Grijpstra ran about, thrashing through ferns and tall weeds. He yelled De Gier's name. De Gier showed up. De Gier was also yelling. "Hey!"

Grijpstra said no, he was not crazy. Come and look what he'd found.

They entered the tunnel. Grijpstra's flashlight shone brightly.

They exited the tunnel. De Gier staggered across the beach before vomiting between rocks covered with slimy seaweed.

"Yes," de Gier said.

"Lorraine?"

"Lorraine," de Gier said. He almost fell into Grijpstra's arms. "You know?"

"What?"

"You know," de Gier said, "I was sure I didn't do this. I thought it was something cooked up to hurt me." He turned, bent down again, splashed water on his face. "I was being clever. I thought I had reached an important point in my training, that I didn't have time to deal with people holding me back.
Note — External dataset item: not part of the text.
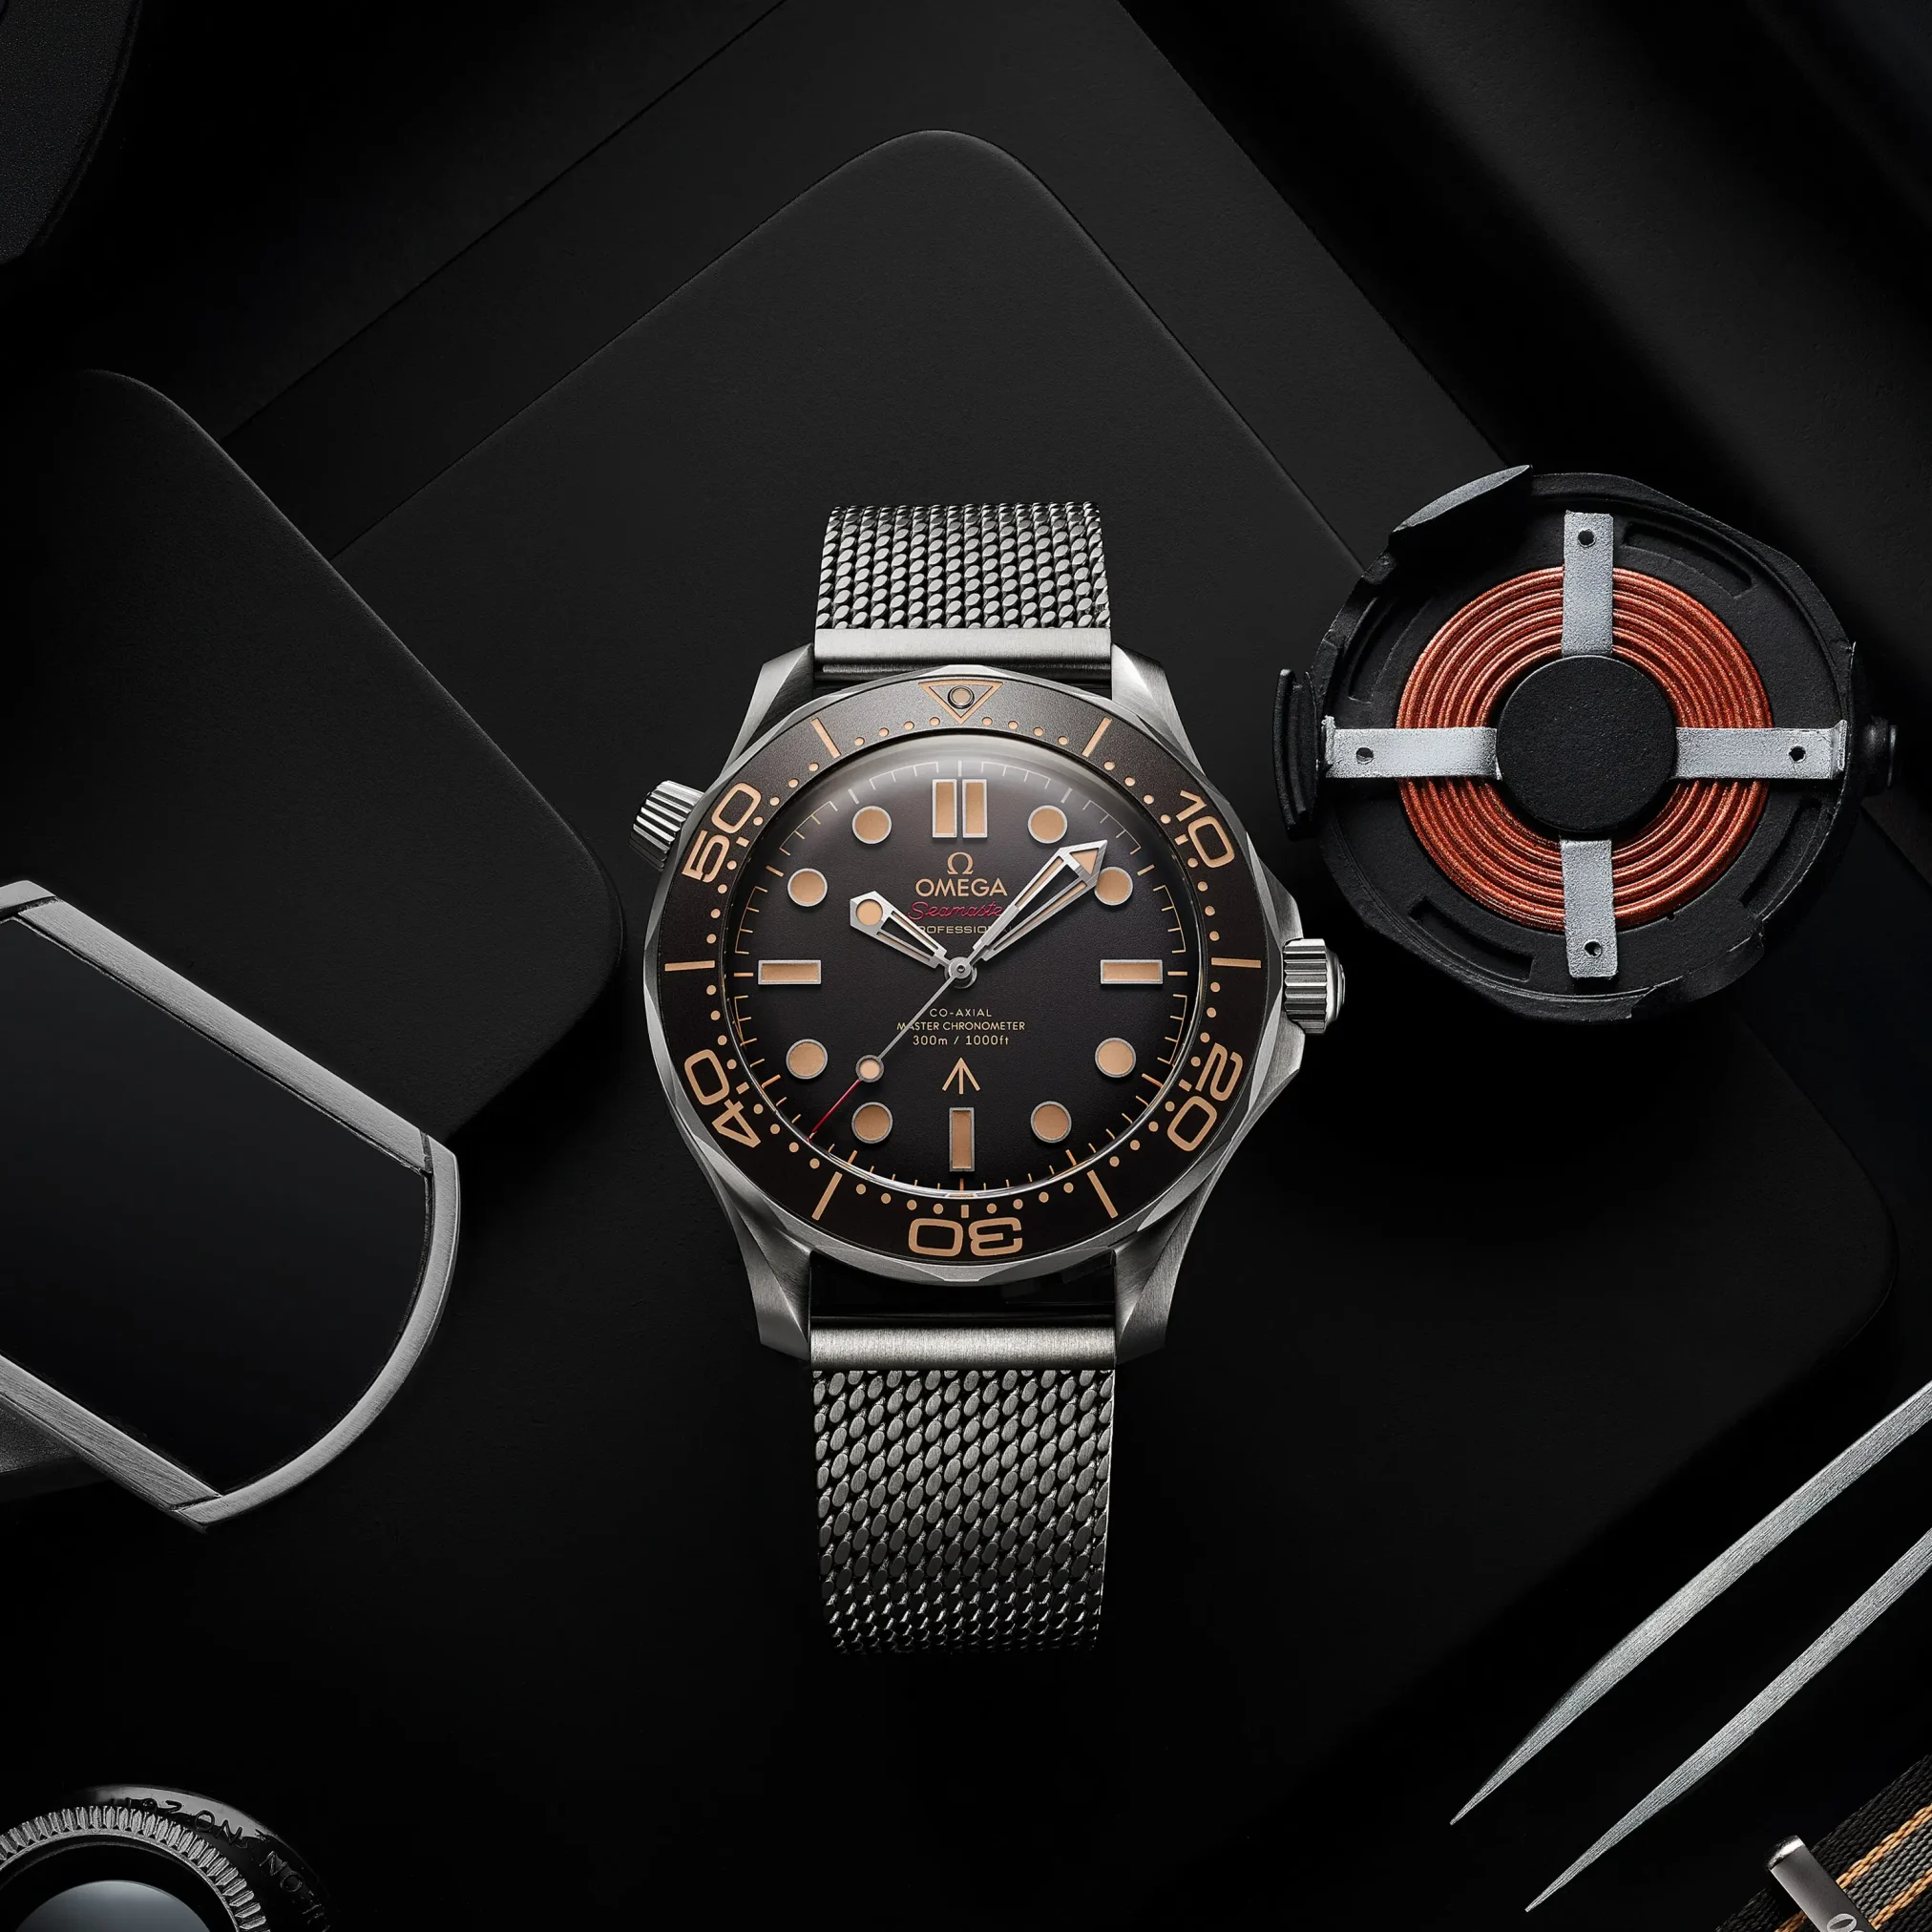 Đồng hồ Omega Seamaster Diver 300M "No Time To Die" 007 Limited 210.90.42.20.01.001 mặt số màu xám. Dây đeo bằng titanium. Thân vỏ bằng titanium.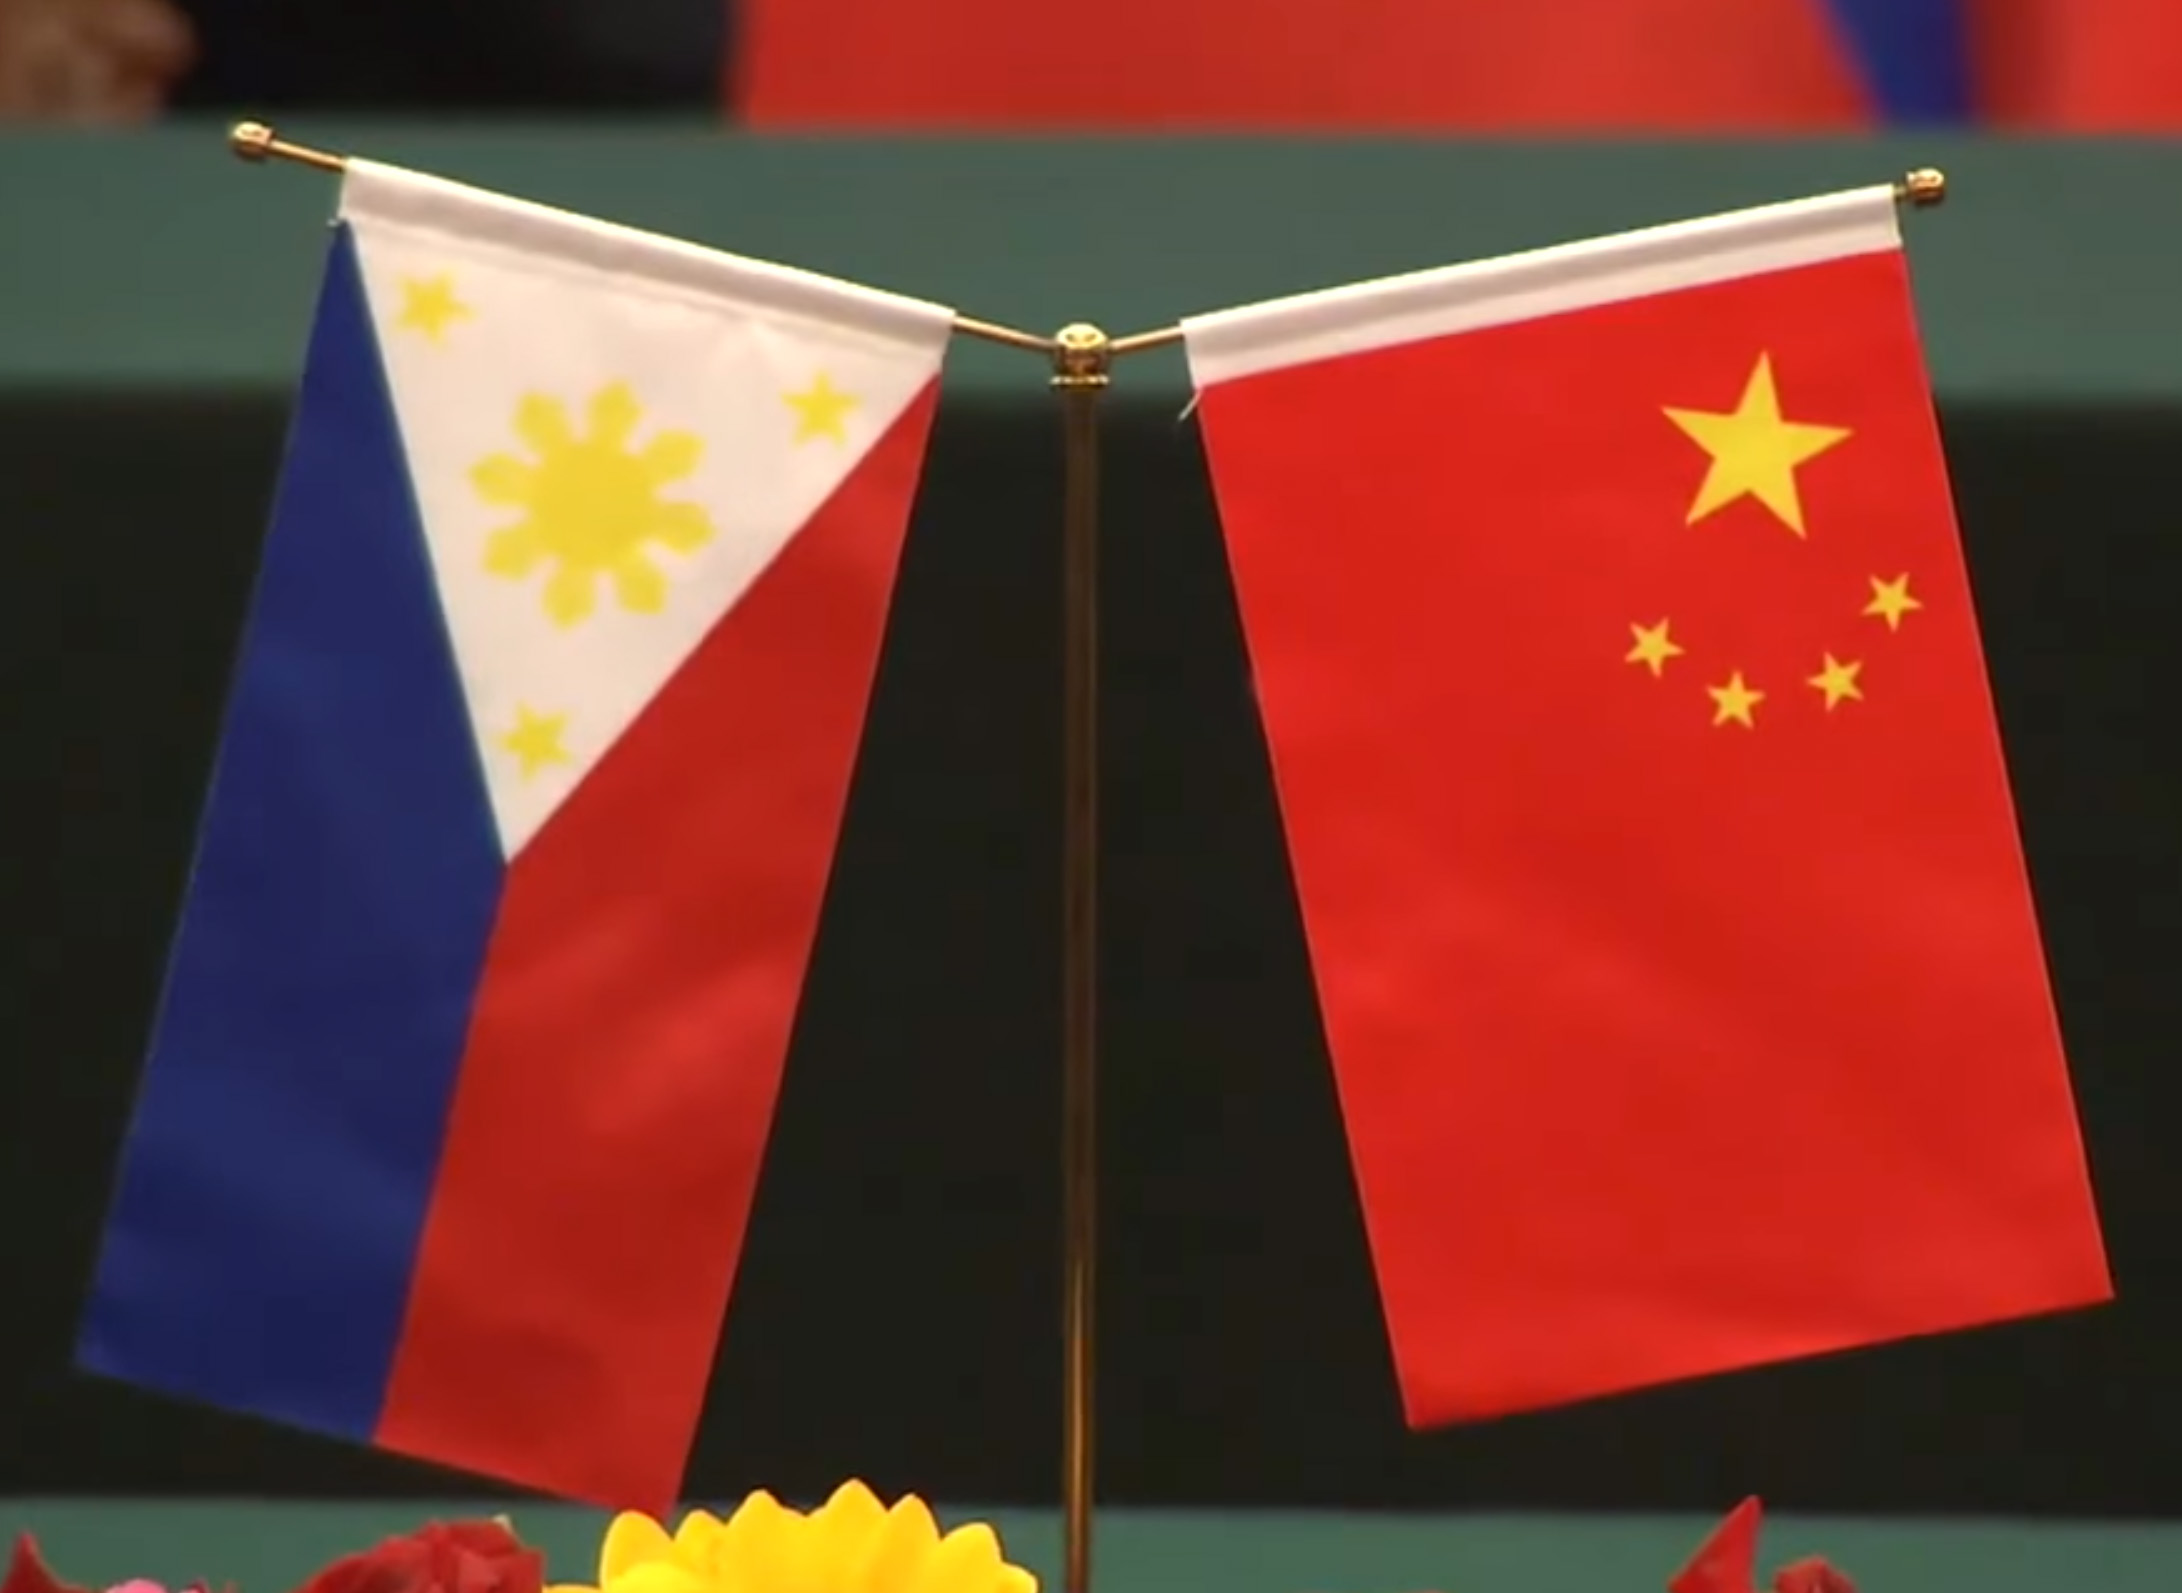 Thay đổi chính sách hướng sang Trung Quốc – Philippines được gì?

So I got you to take care of it while I carried on regardless."

"Right," Grijpstra said kindly. "Prince Holy quests while Flatfoot slogs."

De Gier breathed deeply. "You think I'm an asshole."

"Oh yes," Grijpstra said kindly.

"There was more," de Gier said. "I missed you. I thought it would be nice to show you what I was doing here." He grimaced sadly. "As you said, Henk: showing off to Older Brother." De Gier pointed at the tunnel. "So I did kill her after all. I was too drunk to remember."

The incoming tide had almost floated the dinghy that Grijpstra had left on the beach. De Gier boarded it nimbly. Grijpstra wanted to get in too but the dinghy, forced into sudden speed by de Gier's powerful oar strokes, slipped from under Grijpstra's hands.

Grijpstra watched the dinghy get smaller as it left the channel between the islands, then reach the open ocean, an immense flat expanse, where it became a dot, then nothing.